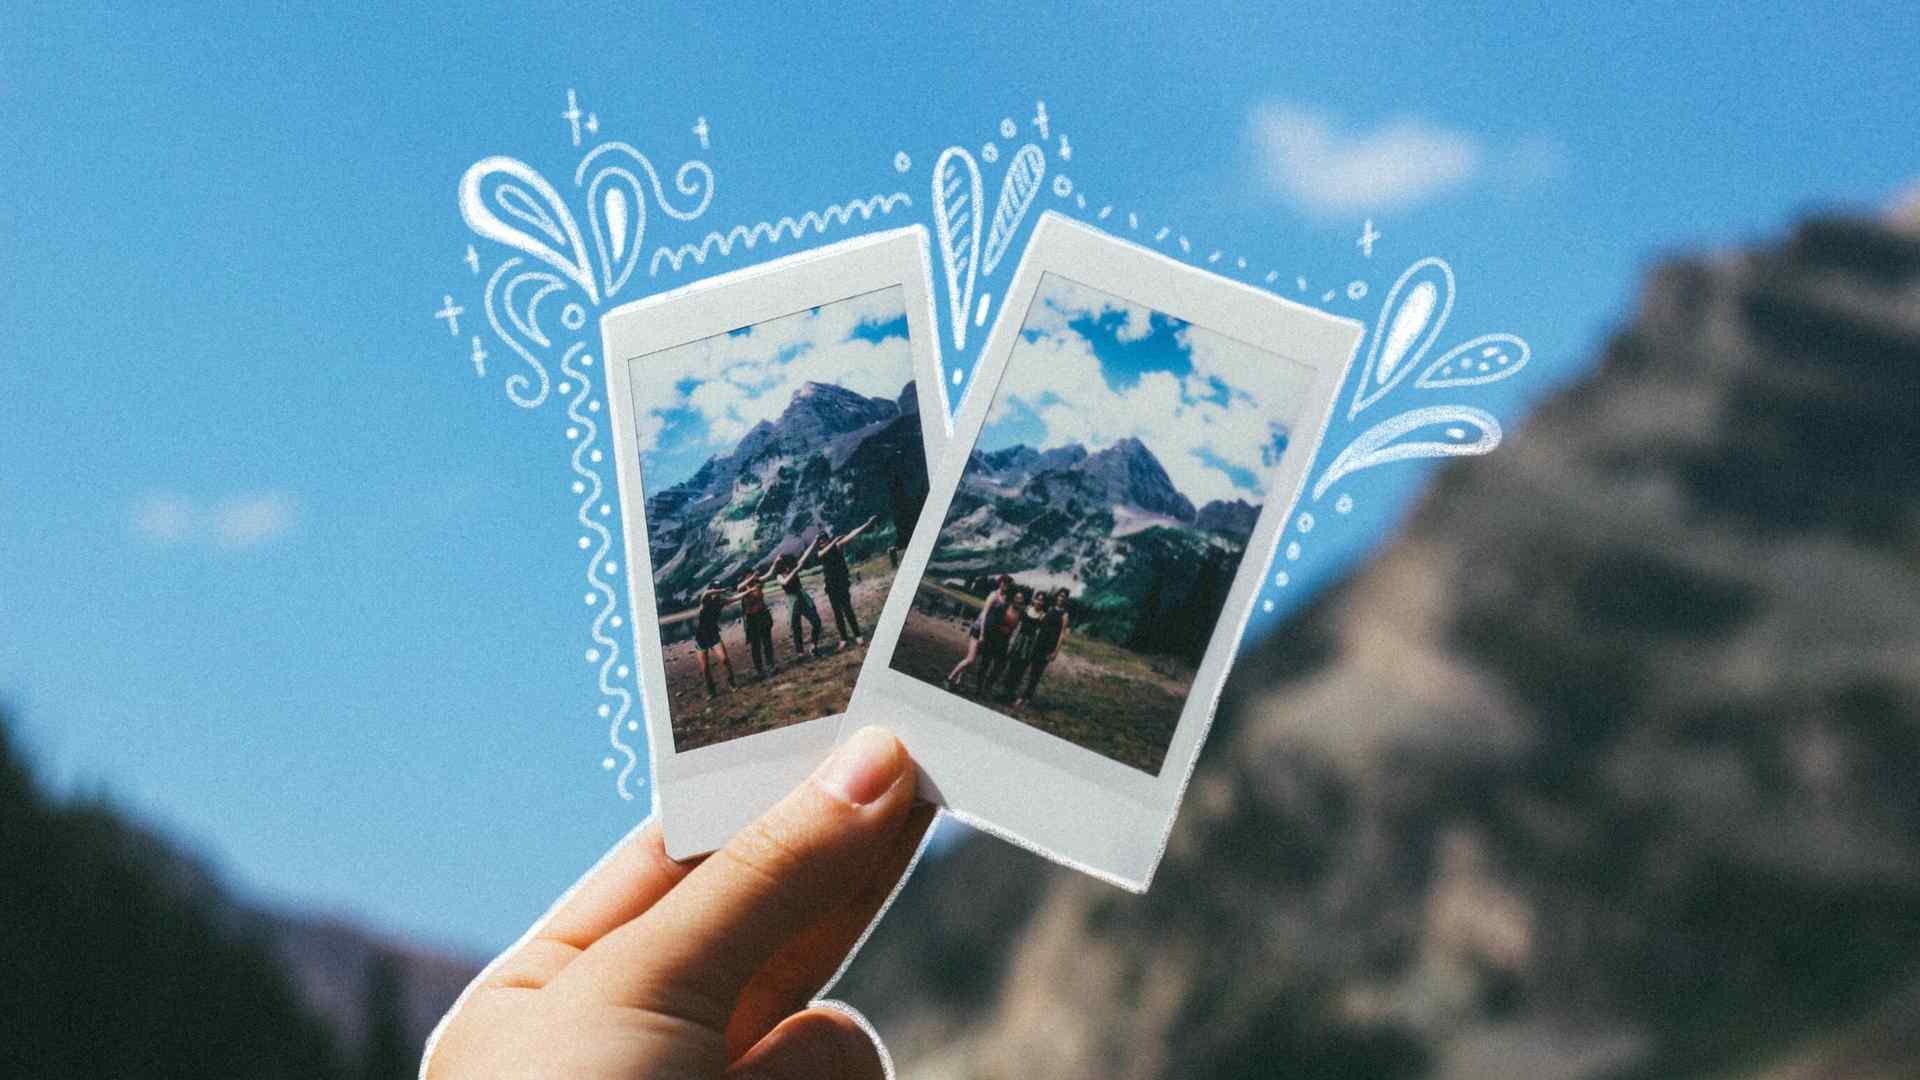 Mei holds two Polaroids of mountains in front of a mountain scene
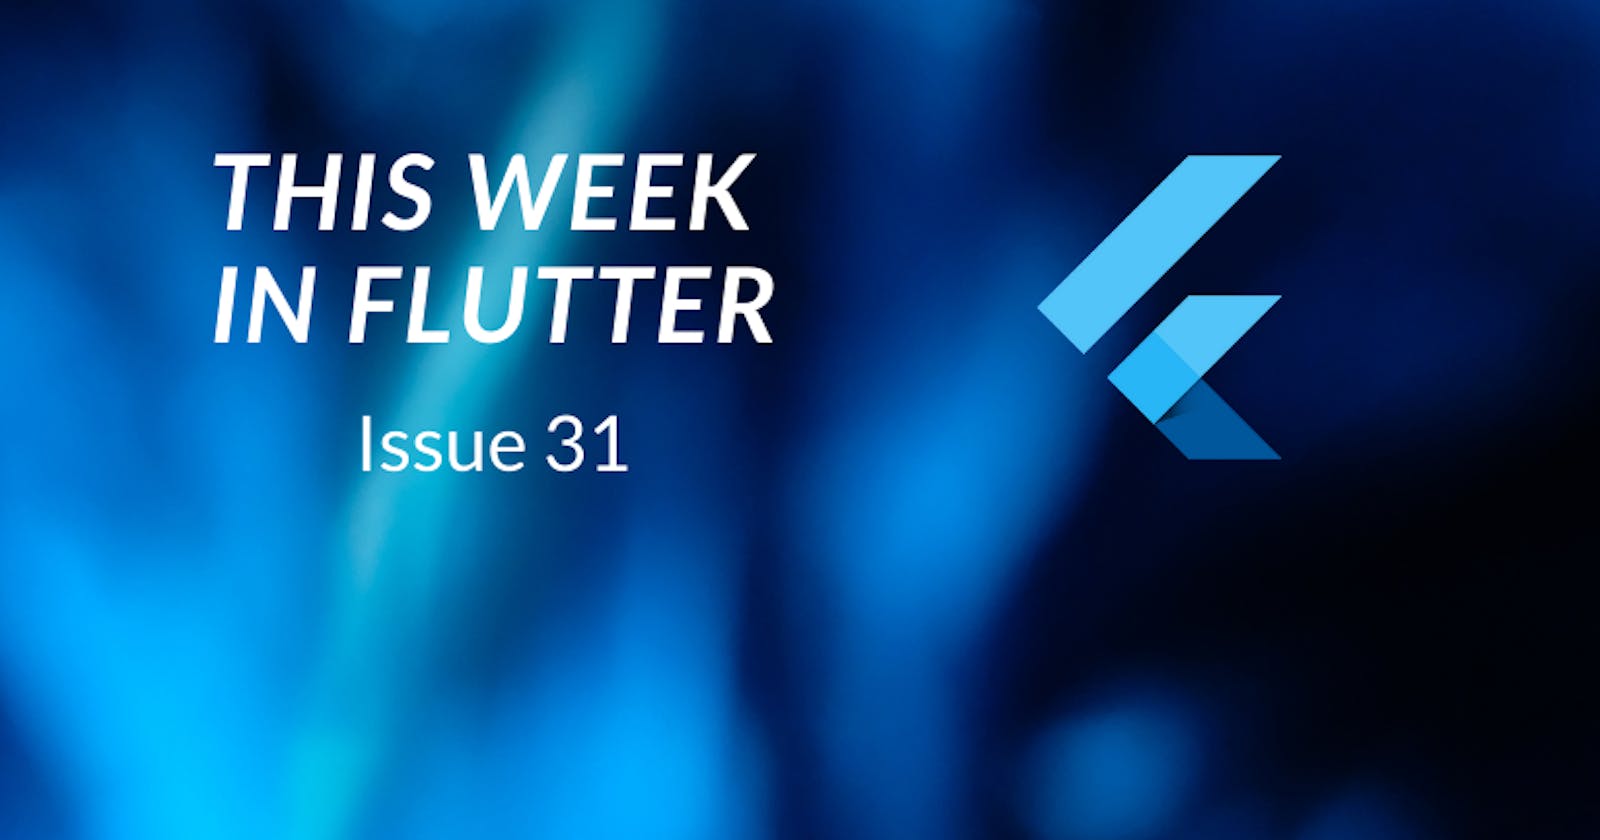 This week in Flutter #31
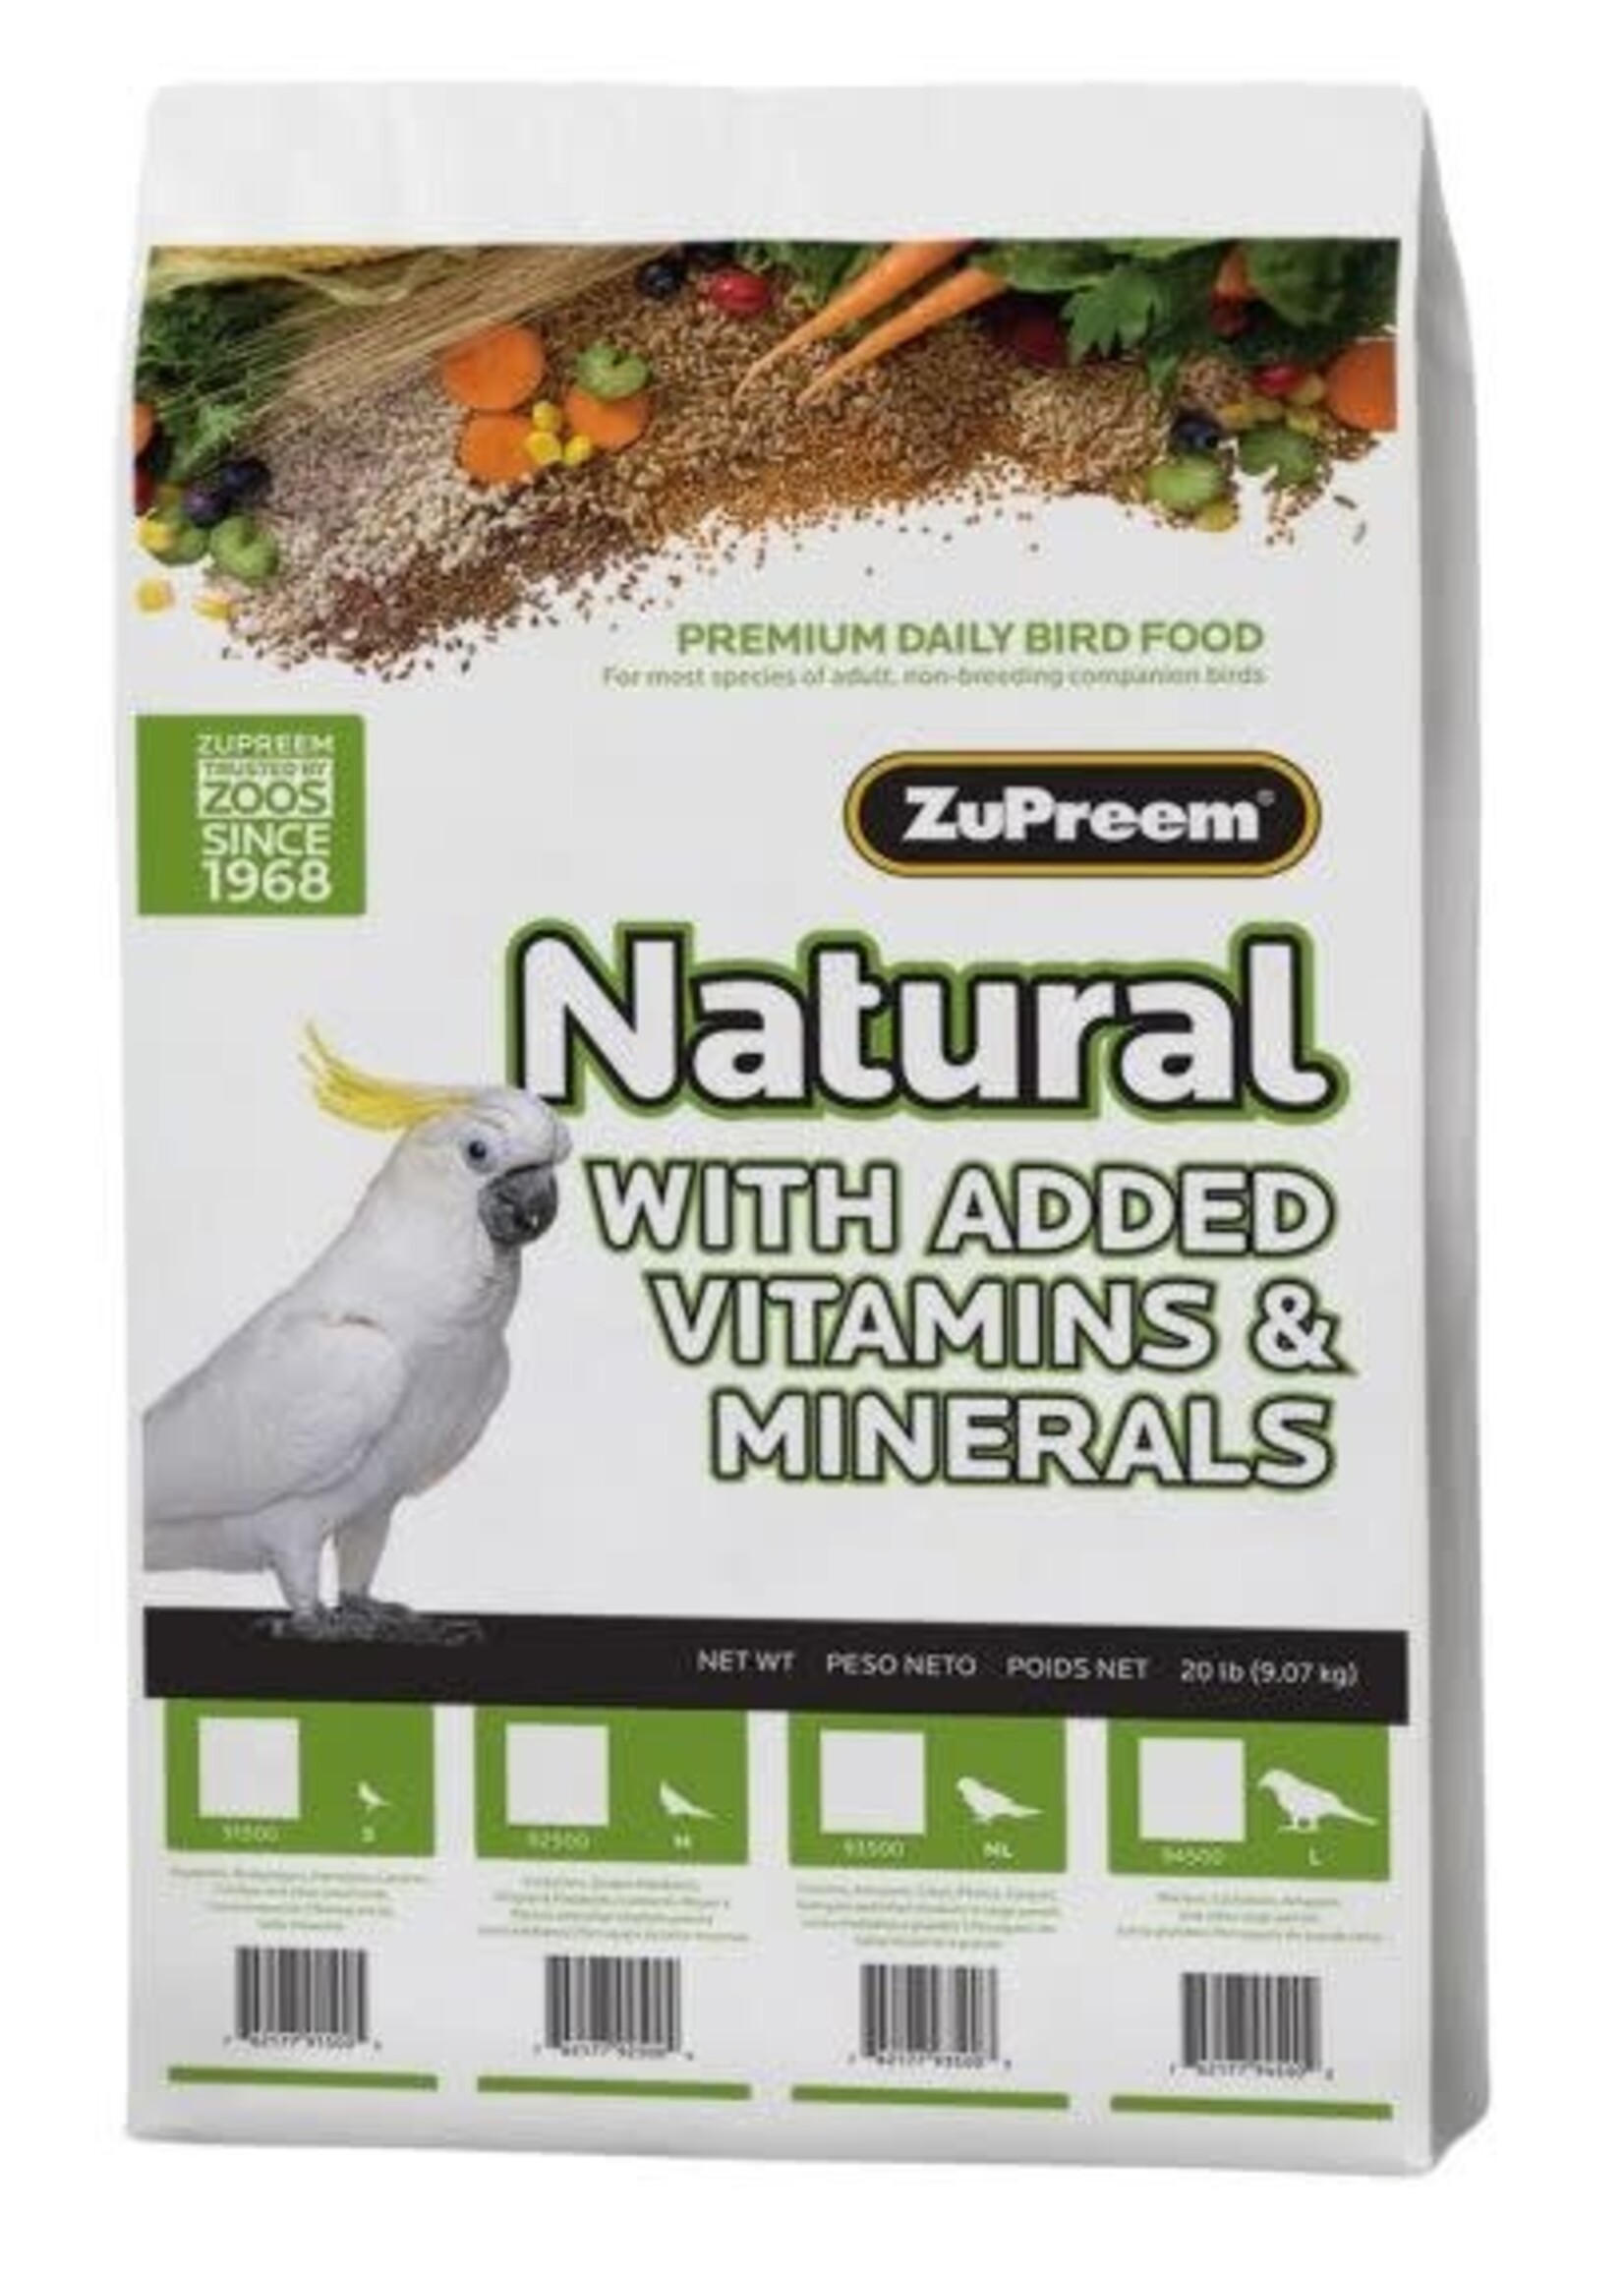 Zupreem ZuPreem "Natural" Food For Conure, Small Cockatoos & Other Medium To Large Parrot 20lbs 93500

───

[Instructions for the task] Would you return the data above exactly as written, minus the images?

[Your solution]
 Mei holds two Polaroids of mountains in front of a mountain scene
 This week in Flutter #31
 Zupreem ZuPreem "Natural" Food For Conure, Small Cockatoos & Other Medium To Large Parrot 20lbs 93500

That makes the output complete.